Friend got his personal best at McIntosh today. Just look at this ten pound eleven oz football!
Bit a white Terminator spinner bait.


----------



## 1more (Jan 10, 2015)

That’s a toad!


----------



## BuckeyeFishin07 (Apr 10, 2017)

Someone needs to back away from the table a little sooner! haha


----------



## NCbassattack (May 5, 2014)

The ten pound four oz my nephew caught a few years back was 26.5 inches long. Two inches longer, yet somewhat lighter, and she was caught in summertime.


----------



## sherman51 (Apr 12, 2011)

I think he needs a bigger box!
sherman


----------



## berkshirepresident (Jul 24, 2013)

NCbassattack said:


> Friend got his personal best at McIntosh today. Just look at this ten pound eleven oz football!
> Bit a white Terminator spinner bait.


Wonder how old this fish is?
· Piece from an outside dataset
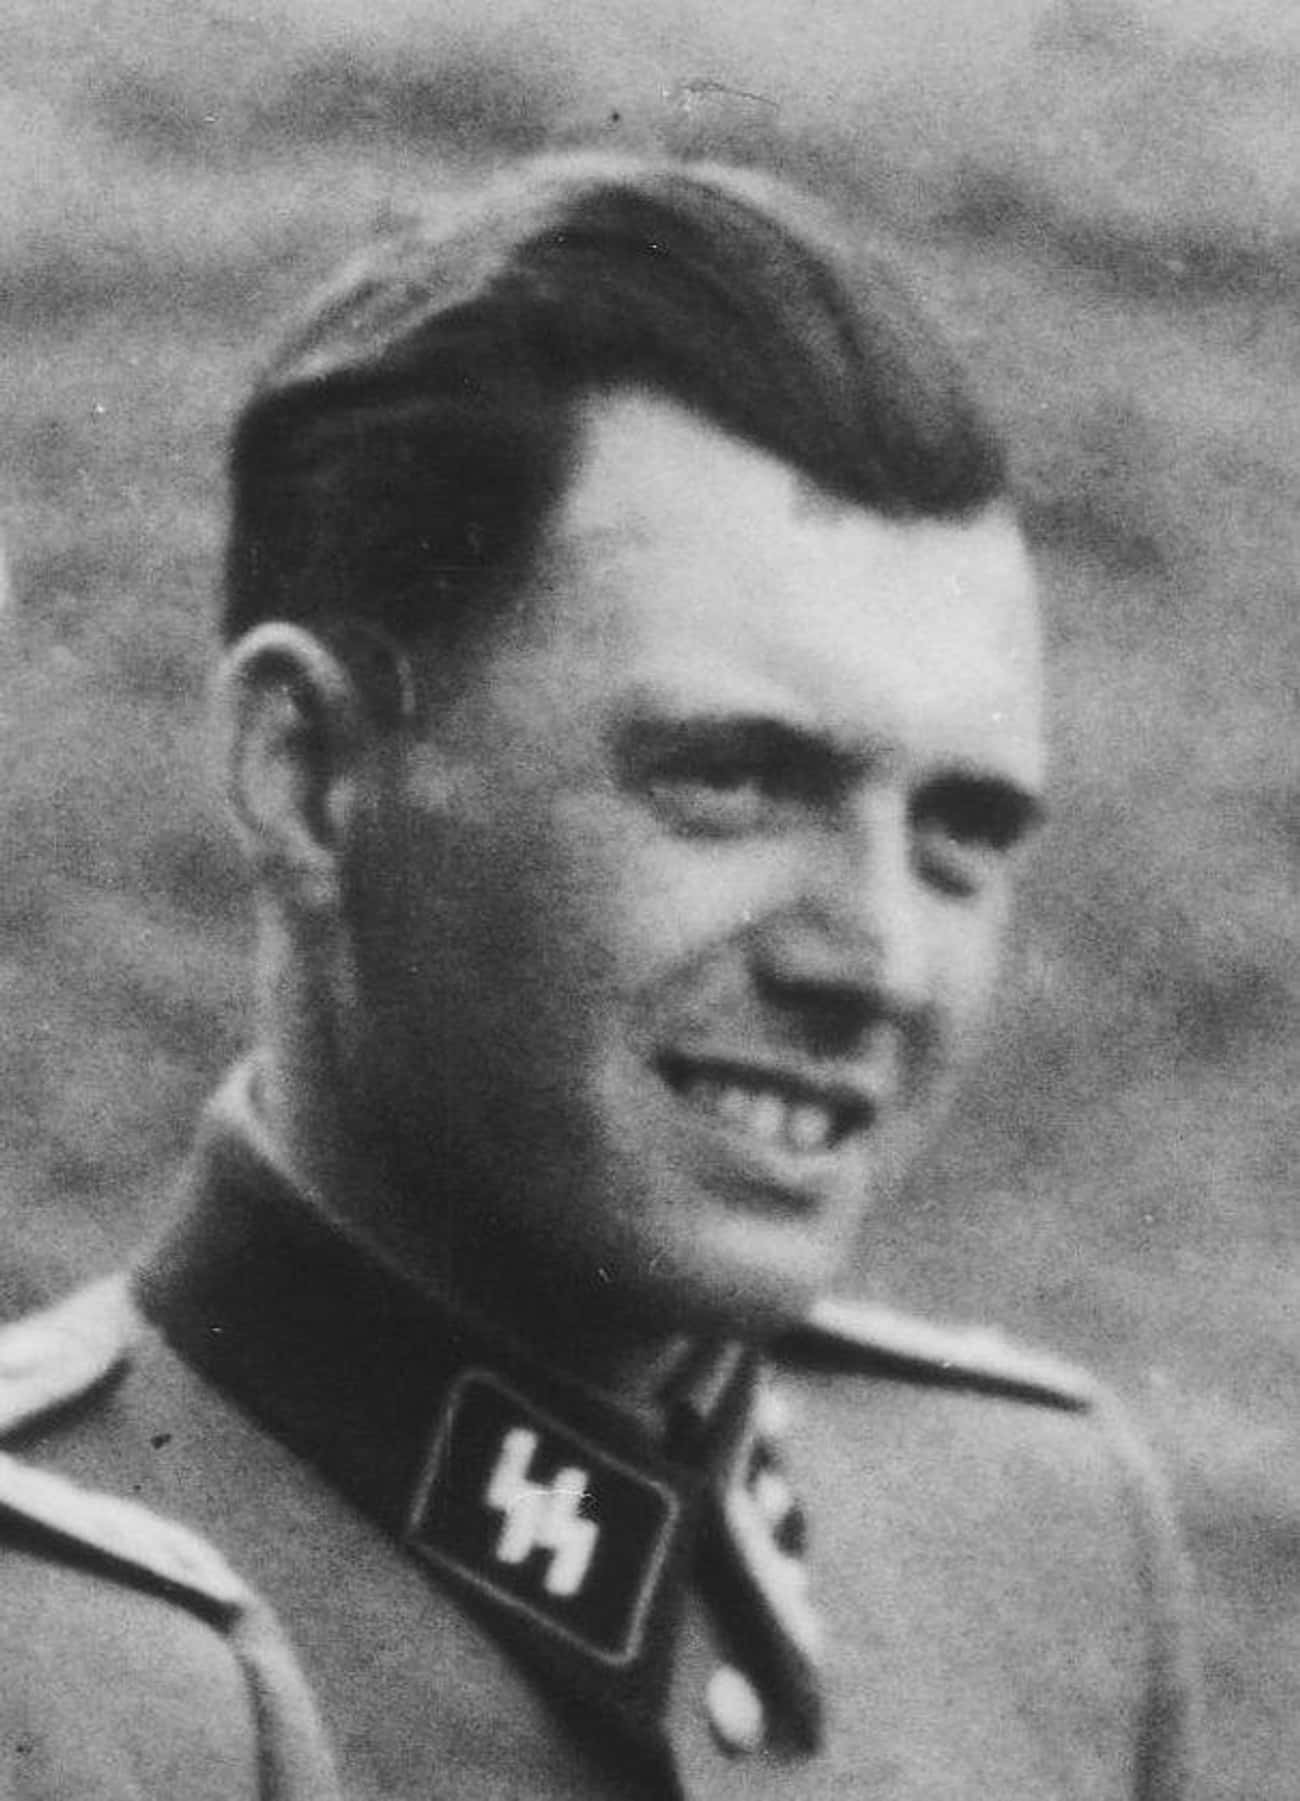 Josef Mengele Lived A Long And Fruitful Life

Still looks healthy......


----------



## STRONGPERSUADER (Nov 5, 2006)

NCbassattack said:


> The ten pound four oz my nephew caught a few years back was 26.5 inches long. Two inches longer, yet somewhat lighter, and she was caught in summertime.
> View attachment 297677


Nice! I’m heading to Topsail in September. Hopefully get into another hammerhead like the one in my avatar on bigger.


----------



## NCbassattack (May 5, 2014)

The New River Inlet is a great place to get a hammerhead. They often hang around where fresh water mixes with salt. So do bull sharks..


----------



## STRONGPERSUADER (Nov 5, 2006)

Yea my daughter caught a bull the same trip. They were following shrimp boats. Good times.


----------